Маменька, видя этакую старательность, умилялась.
Разумницей растет.
Вся в родителей.
Наставники, нанятые Модестой Архиповной, пусть и дивились этакой блажи — где это видано, чтоб девицу обучали не шитью, но математике с астрономией? — но к делу подошли серьезно. Да и Евдокия оказалась благодарной ученицей, жадной до нового.
Вот только упертой, что твоя коза…
Это маменька поняла, когда вздумала доченьку любимую, восемнадцатый год разменявшую, замуж выдать. И ведь супруга подыскала хорошего, разумного, сильного, а что слегка рябенького, оспою побитого, так с лица ж воду не пить!
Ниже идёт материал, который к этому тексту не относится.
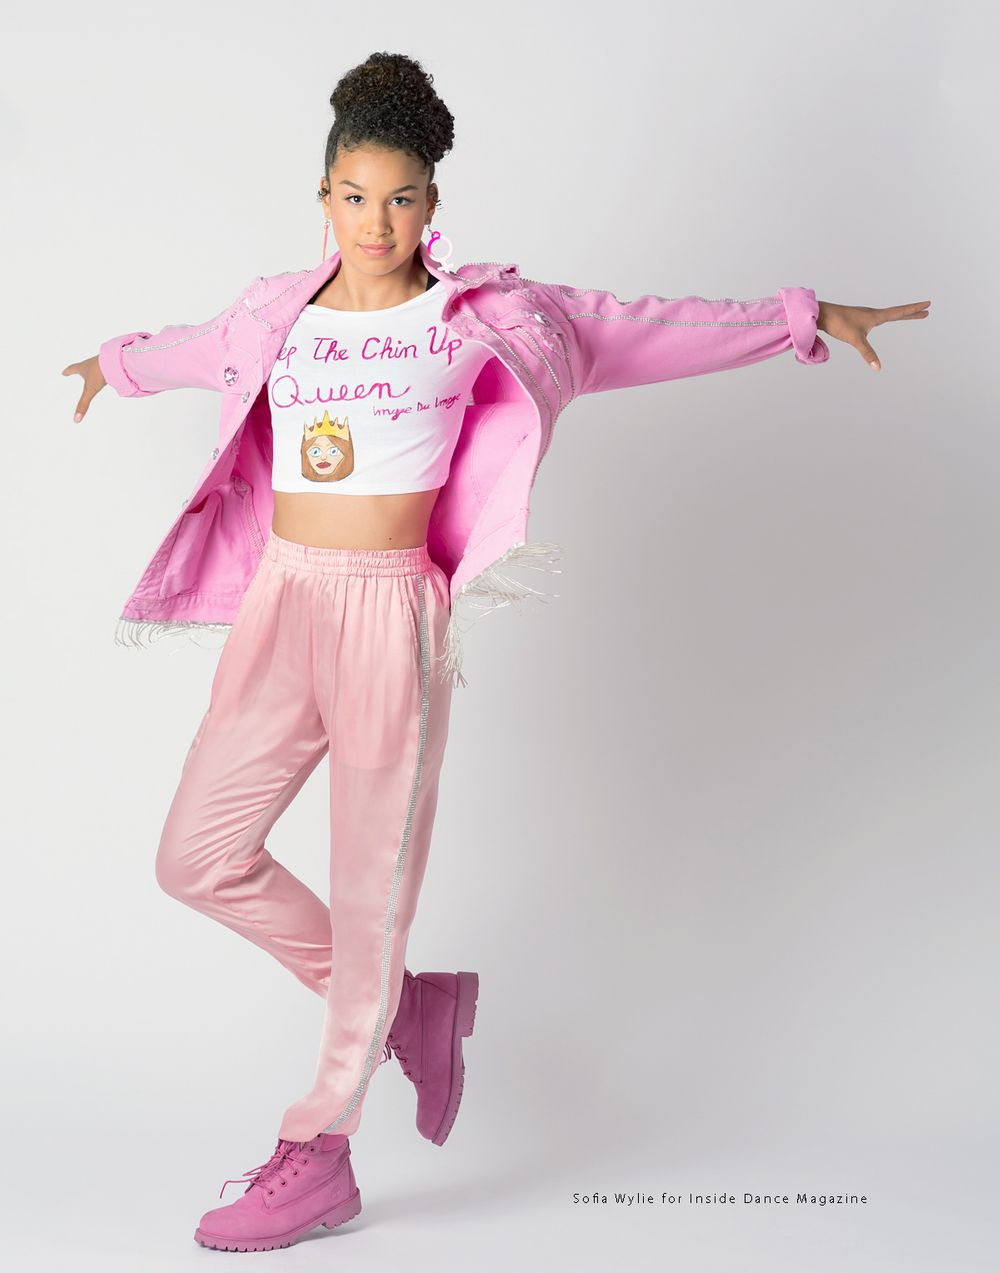 Sofia Wylie for Inside Dance Magazine

Зато хоть и хваткий, но тихий, небуянистый.
Ко всему из шляхты.
Очень уж Модесте Архиповне хотелось со шляхтой породниться…
— Не пойду, — сказала Евдокия, поджав губы. — Он мне не нравится. И вообще, я замуж не хочу.
Маменька попробовала было призвать дочь к послушанию, но выяснилось, что упрямством Евдокия пошла не иначе как в маменьку.
Скандалили месяц.
Не разговаривали еще два. И Лютик, который ссорами тяготился, тщетно взывал к разуму, что супруги, что падчерицы. Закончилось все проводами очередного управляющего — а ведь показался-то разумным человеком — и несказанной обидой, коию вновь нанес Модесте Архиповне князь Вевельский.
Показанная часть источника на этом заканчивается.